Syirkah secara syar’iy dapat berupa syirkah harta (syirkah al-a’yân) yakni syirkah kepemilikan (syirkah al-amlâk), yaitu perserikatan dalam kepemilikan suatu harta. Artinya, harta itu dimiliki secara bersama oleh dua orang atau lebih. Syirkah juga dapat berupa syirkah akad, yakni dua orang atau lebih berakad ber-syirkah untuk melakukan aktivitas bisnis untuk mendapatkan keuntungan. Ini bentuknya berupa syirkah al-inân, syirkah al-abdân, syirkah al-wujûh, syirkah al-mudhârabah dan syirkah al-mufâwadhah. Semua bentuk syirkah itu boleh sesuai penunjukkan hadis ini. Sebabnya, lafal asy-syarîkayn (dua orang yang ber-syirkah) itu bermakna umum mencakup semua syirkah.

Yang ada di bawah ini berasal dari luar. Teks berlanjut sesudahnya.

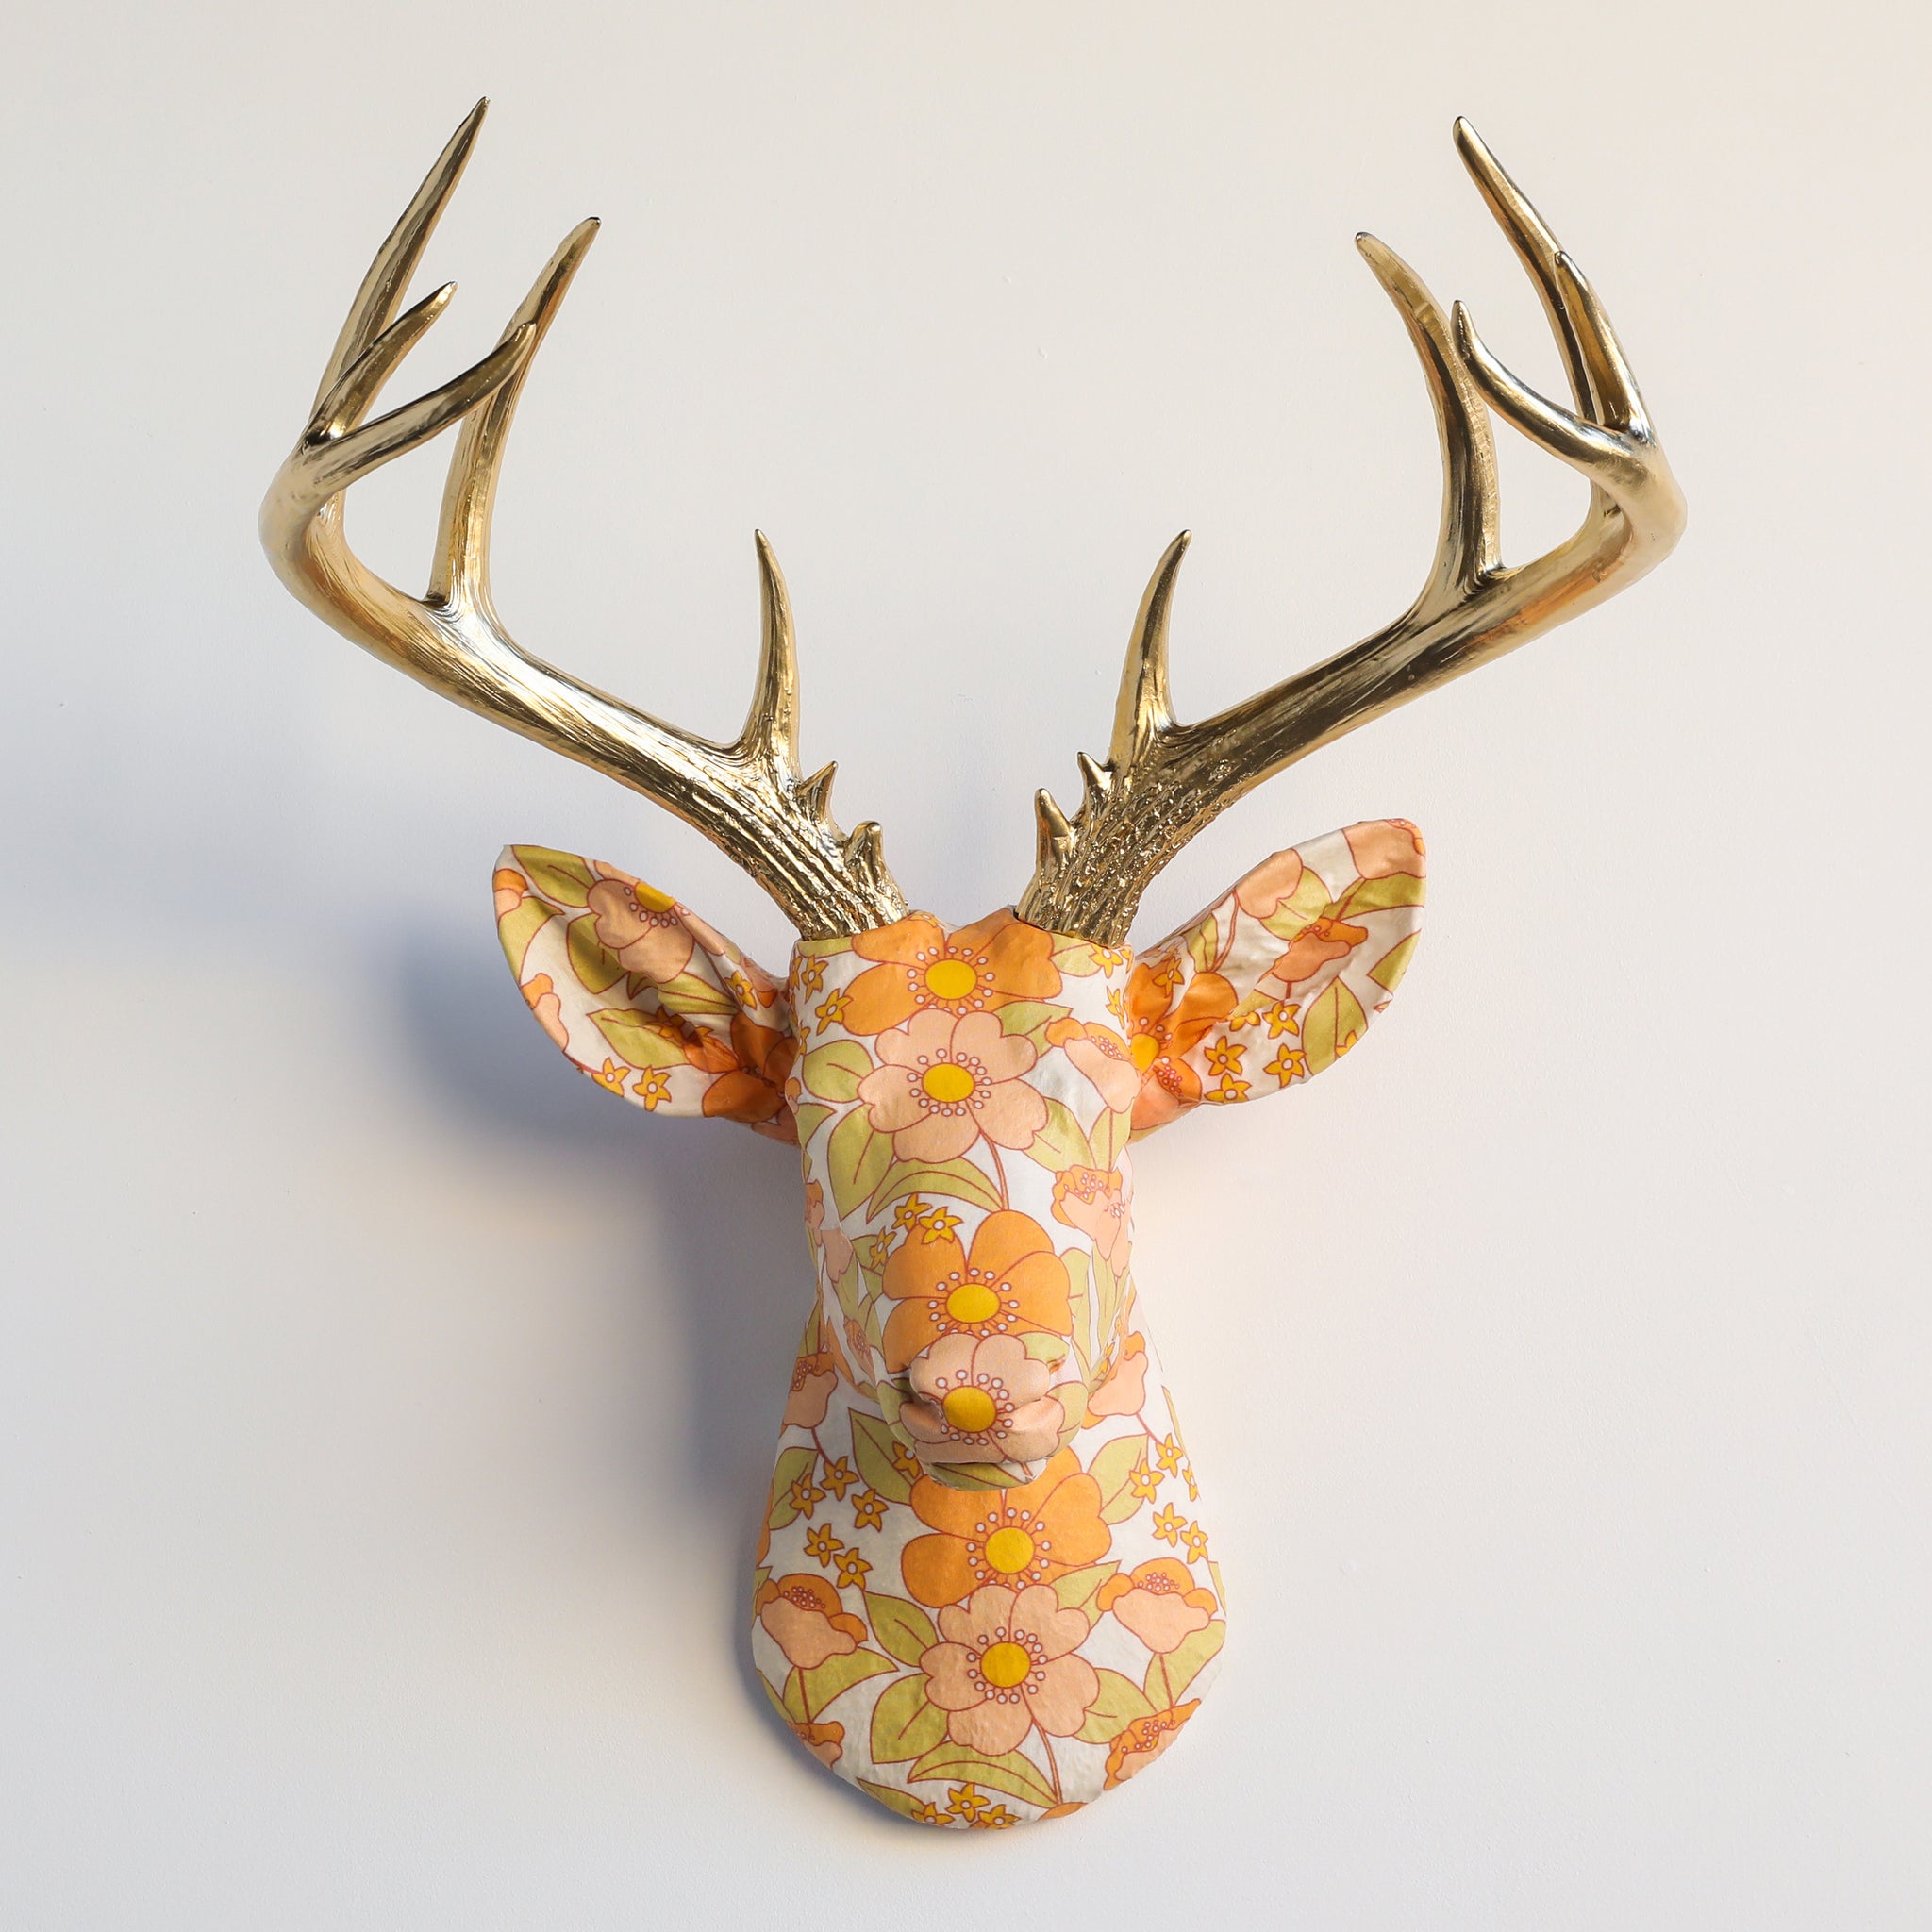 Fabric Deer Head - Retro Floral Pattern Fabric Deer Head

Hal itu ditegaskan dengan iqrâr (persetujuan) Nabi saw. atas syirkah yang dilakukan oleh para Sahabat. Imam al-Bukhari meriwayatkan hadis dari jalur Sulaiman bin Abi Muslim yang berkata: “Aku bertanya kepada Abu al-Minhal tentang sharf secara kontan (yad[an] bi yad[in]). Ia berkata: Aku dan mitraku membeli sesuatu secara kontan dan dengan tempo. Lalu al-Bara’ bin ‘Azib datang keapda kami dan kami bertanya kepada dia. Ia berkata: “Aku dan mitraku, Zaid bin Arqam, melakukan itu dan kami bertanya kepada Nabi saw. tentang hal itu. Beliau bersabda, “Mâ kâna yadan bi yadin fakhudzûhu, wa mâ kâna nasî`ah faruddûhu (Apa saja yang kontan, ambillah. Apa saja yang bertempo, kembalikanlah).”

Masih ada riwayat-riwayat lain yang menunjukkan persetujuan Nabi saw. terhadap syirkah yang dilakukan para shahabat.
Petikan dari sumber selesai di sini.